Overriding staged secrets for Machines

The CI we have setup --stages secrets (the last one was staged on Nov 4) because rolling deploys (which setting secrets triggers) don’t quite work for our app (udns) with 40+ machine VMs.

These staged secrets were deployed today (Nov 7). And because those broke prod, I am trying to stage a new set of secrets without success. Is there a time limit to when staged secrets are deleted to allow for newer ones?

Right now, it seems like setting or staging secrets anew against the same key results in no-ops, and fly secrets list continues to show the older secret. No amount of deploys / m updates are making any difference.

# set just now
➜  fly secrets set TLS_CERTKEY=- < certkey -a udns --stage
Secrets have been staged, but not set on VMs. Deploy or update machines in this app for the secrets to take effect.

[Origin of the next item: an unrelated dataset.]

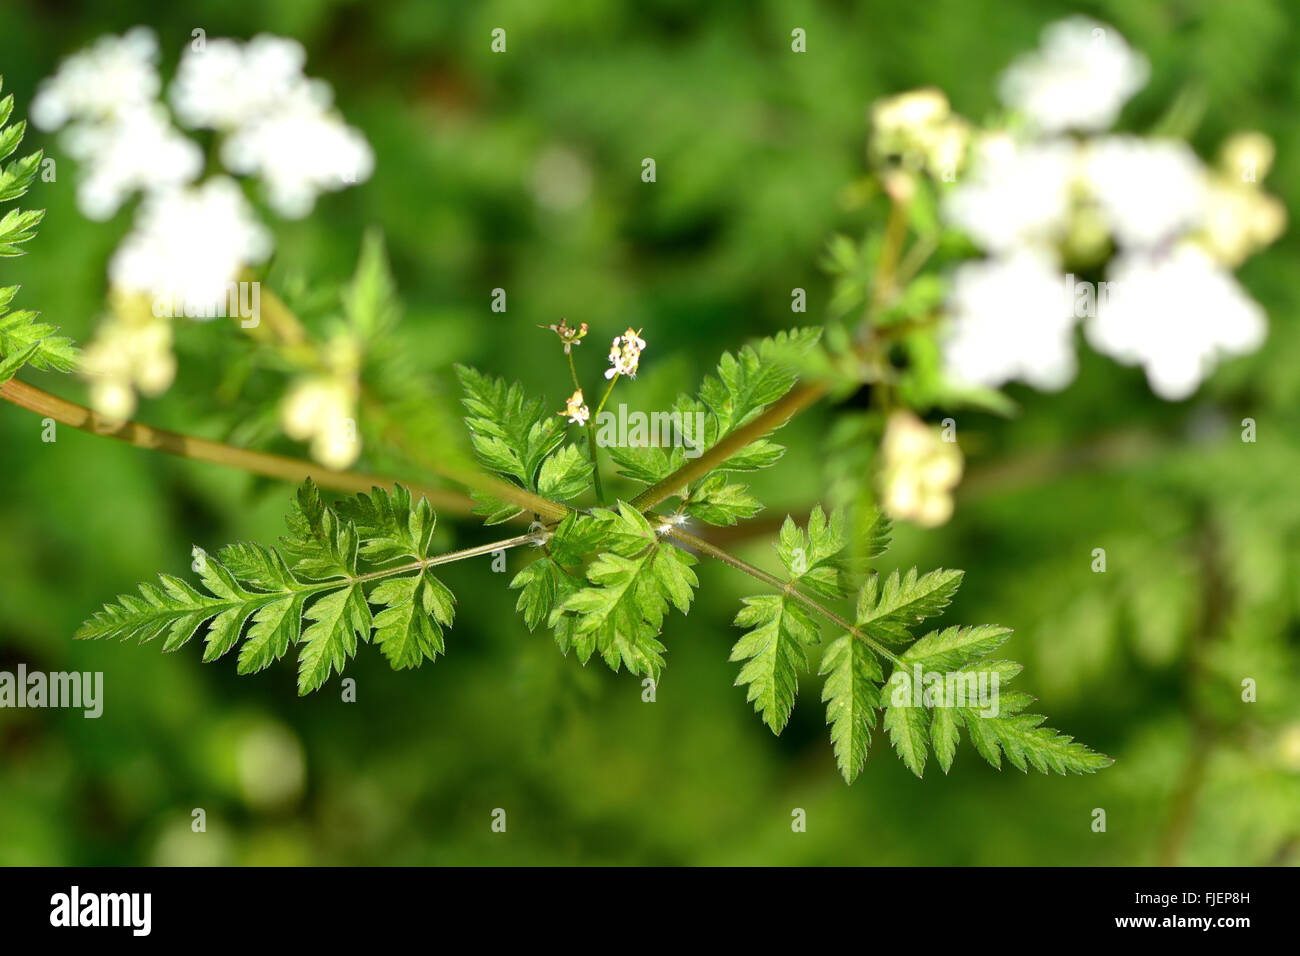 Kuh Petersilie (Anthriscus Sylvestris). Pflanzen Sie in der Karotte-Familie (Apiaceae), Blätter und Dolde weißer Blüten zeigen. Stockfoto

# shows older staged secret
➜  fly secrets list -a udns                               
NAME       	DIGEST          	CREATED AT           
TLS_CERTKEY	1757f45b147a02ef	2022-11-04T22:17:55Z	

# deploy or update
fly deploy --config fly.machines.toml -a udns --remote-only --strategy immediate --dockerfile ./node.Dockerfile

# shows older staged secret
➜  fly secrets list -a udns                               
NAME       	DIGEST          	CREATED AT           
TLS_CERTKEY	1757f45b147a02ef	2022-11-04T22:17:55Z	

I’m not able to reproduce this on a machines app.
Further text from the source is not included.